Acoustic feature quantity extraction means for extracting the acoustic feature quantity X from the input speech waveform;
An acoustic model accumulating means for accumulating an acoustic model and outputting an acoustic probability P (x | ω) at which the acoustic feature quantity x is observed with respect to a recognition result candidate word string ω composed of one or more words ω _m ; ,
Language model storage means for storing language models and outputting statistical / grammatical language probabilities Pn-gram (ω) / Pcfg (ω);
Speech recognition that outputs a recognition result word string ω ^ based on the acoustic feature amount x, the acoustic probability P (x | ω), and the statistical / grammatical language probability Pn-gram (ω) / Pcfg (ω) A decoder;
In a content search program for causing a computer to function as content search means for searching for content from a content database using the recognition result word string ω as a search key,
The similarity between two contents S _{i, j} in all contents and the word ω _m (= content name M _n (M ₁ , M ₂ ,..., M) for each content searched in the past for each user U _v )) a user information storage means for storing
First weight alpha (M _q, U) of the user U with respect to the content name M _q a, between the contents between the the content name Mq, each content name M _n retrieved in the past by the user U A preference probability P ^* (ω _m ) is calculated for each word ω _m calculated from the sum of the similarities S _{Mq and Mn} and given the first weight α (M _q , U) , and one or more words ω The preference probability P ^* (ω) for each word string ω including _m is expressed as P ^* (ω) = P ^* (ω ₁ , ω ₂ ,..., ω _m ) = P ^* (ω ₁ ) × P ^* preference degree probability calculating means for calculating by (ω ₂ ) ×... × P ^* (ω _m ) ;
A computer is further provided as a language probability calculating means for outputting a language probability P (ω) obtained by weighting the preference probability P ^* (ω) to the statistical / grammatical language probability Pn-gram (ω) / Pcfg (ω). A program for content search, characterized by functioning.

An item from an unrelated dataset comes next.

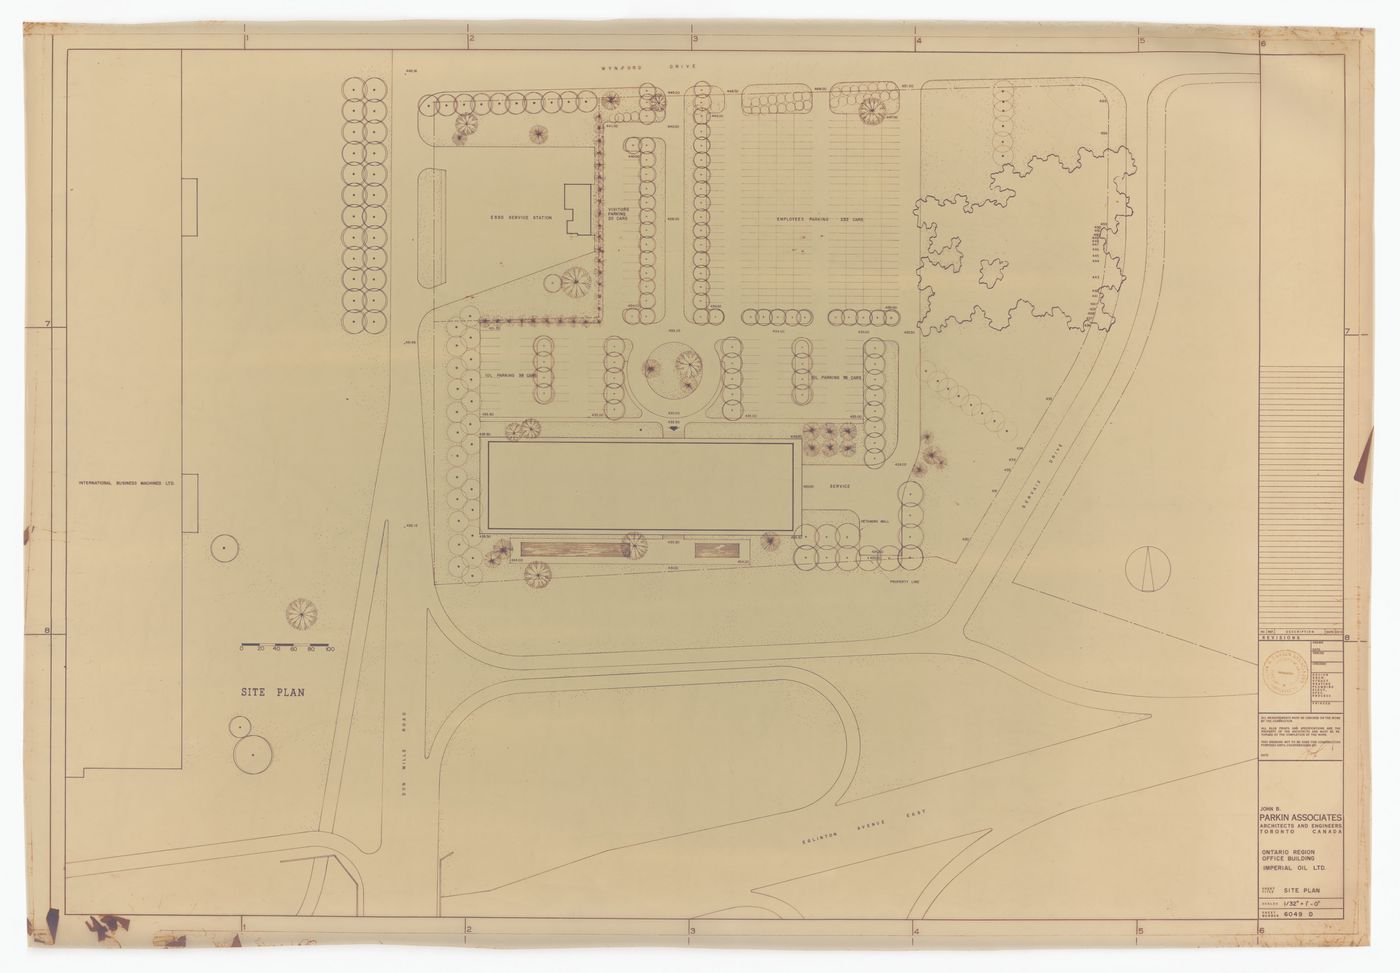 Site plan for Imperial Oil Limited, Ontario Region Office Building, North York

An acoustic feature quantity x is extracted from the input speech waveform, and the acoustic feature quantity x is observed with respect to the acoustic feature quantity x and a recognition result candidate word string ω composed of one or more words ω _m. A recognition result word string ω ^ is output based on the probability P (x | ω) and the statistical / grammatical language probabilities Pn-gram (ω) / Pcfg (ω), and the recognition result word string ω ^ is a key. In a content search method in an apparatus for searching for content from a content database,
The similarity between two contents S _{i, j} in all contents and the word ω _m (= content name M _n (M ₁ , M ₂ ,..., M) for each content searched in the past for each user U _v )) has a user information storage unit for storing
First weight alpha (M _q, U) of the user U with respect to the content name M _q a, between the contents between the the content name Mq, each content name M _n retrieved in the past by the user U A preference probability P ^* (ω _m ) is calculated for each word ω _m calculated from the sum of the similarities S _{Mq and Mn} and given the first weight α (M _q , U) , and one or more words ω The preference probability P ^* (ω) for each word string ω including _m is expressed as P ^* (ω) = P ^* (ω ₁ , ω ₂ ,..., ω _m ) = P ^* (ω ₁ ) × P ^* a first step calculated by (ω ₂ ) ×... × P ^* (ω _m ) ;
A second step of outputting a language probability P (ω) obtained by weighting the preference probability P ^* (ω) to the statistical / grammatical language probability Pn-gram (ω) / Pcfg (ω). Content search method characterized by the above.